Sonoran Resources LLC and SR Servicios Mineros, S.A. Commence Legal Action against Oroco Resource Corp., Minas de Oroco Resources, S.A. de C.V. and Goldgroup Mining Inc
Mar 31 14
Oroco Resource Corp. (Oroco) advised that Sonoran Resources LLC and its Mexican subsidiary, SR Servicios Mineros, S.A. de C.V. (jointly, 'Sonoran'), have filed a lawsuit in Arizona against Oroco, Minas de Oroco Resources, S.A. de C.V. (MOR), and Goldgroup Mining Inc. arising from events and services related to the engineering, procurement and construction management agreement (EPCM Agreement) and related service agreements (the jointly, the 'Sonoran Contracts') between Oroco, Minas de Oroco and Sonoran in regard to the mine construction at Cerro Prieto, Sonora State, Mexico (the 'Cerro Prieto Property'). In August of 2013, Oroco sold MOR, the owner of the Cerro Prieto Property, to Goldgroup. In its claim, Sonoran alleges that Oroco (1) breached the Sonoran Contracts; (2) breached its duty of good faith under the Sonoran Contracts; and (3) made fraudulent and/or negligent misrepresentations which harmed Sonoran. Sonoran is seeking damages in an amount to be determined at trial, but claimed to be in excess of $3,000,000, being the fees claimed to be payable to Sonoran pursuant to the Sonoran Contracts if they had been carried out, inclusive of a net amount of $177,066.43 in unpaid invoices, and 250,000 common shares of Oroco. Further, Sonoran has also claimed that Goldgroup breached the Sonoran Contracts, to which Goldgroup was not a party, and that it intentionally interfered with Sonoran's business expectations, causing the loss of at least $3,000,000 of net profits from the fees claimed to be payable pursuant to the Sonoran Contracts if they had been carried out. As a part of the sale of the Cerro Prieto Property, Oroco agreed to indemnify and defend Goldgroup and Minas de Oroco against all claims brought by Sonoran arising from the events or services related to the Sonoran Contracts. It is Goldgroup's and Oroco's opinion that the claims against Goldgroup are completely without merit.
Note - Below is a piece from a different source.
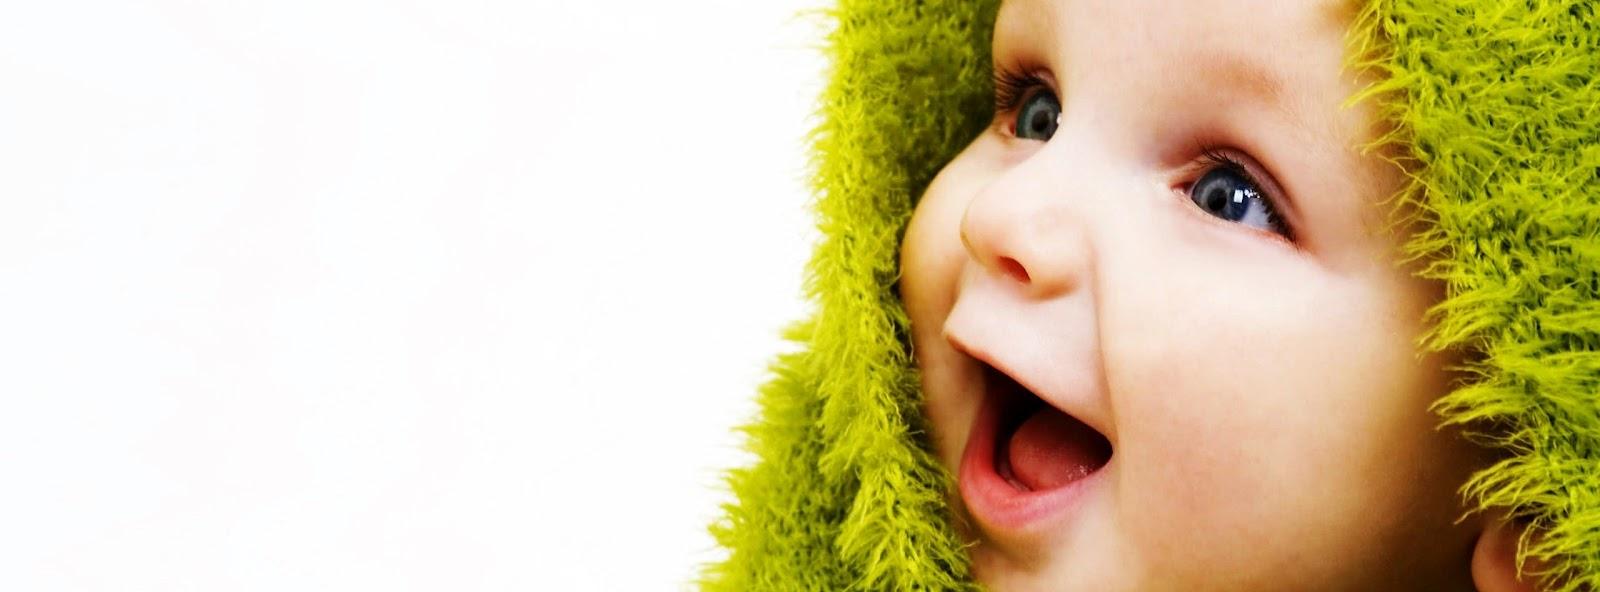 En tatlı bebek kapak fotoğrafları

Oroco Resource Corp. Wins Xochipala Appeal
Feb 7 14
Oroco Resource Corp. announced that the Federal Tribunal of Mexico has granted the company's appeal of the decision of the lower Federal District Court and has ordered that all aspects of the 2011 Guerrero State Court auction (the Court Auction) of a 50% interest in the Celia Gene and a 100% interest in the Celia Generosa concessions (the Camacho Interest) be set aside. The decision of the Federal Tribunal confirmed that the company's subsidiary, Minera Xochipala, S.A. de C.V., is the sole registered owner of 100% of each of the Celia Gene and Celia Generosa concessions (the Xochipala Property) and terminated the competing claim of Mr. Avinadain Bautista (Bautista) arising from the Court Auction of the Camacho Interest. The Federal Tribunal also dismissed the appeal by Bautista which sought to enforce his claim to the Camacho Interest. Upon granting the company's amparo and setting aside the entire Court Auction process, the Federal Tribunal determined that Bautista had no legal claim or interest in the concessions and thus had no legal standing to petition the courts. The decision of the Federal Tribunal is final, with no appeal available.
Oroco Resource Corp. Announces Amendment to its Articles
Jan 27 14
Oroco Resource Corp. announced the approval by its shareholders of an amendment to its articles to include advance-notice provisions which will provide shareholders, directors and management of the company with direction on the procedure for shareholder nomination of directors. The purpose of the advance- notice provisions is to ensure that all shareholders, including those participating in a meeting by proxy rather than in person, receive adequate notice of the nominations to be considered at a meeting and can thereby exercise their voting rights in an informed manner. The board of the company believes that the amendments provide a clear and transparent process for all shareholders to follow if they intend to nominate directors. In that regard, the amendments provide a reasonable time frame for shareholders to notify the company of their intention to nominate directors and require shareholders to disclose information concerning the proposed nominees that is mandated by applicable securities laws. The board will be able to evaluate the proposed nominees' qualifications and suitability as directors, and respond as appropriate in the best interests of the company.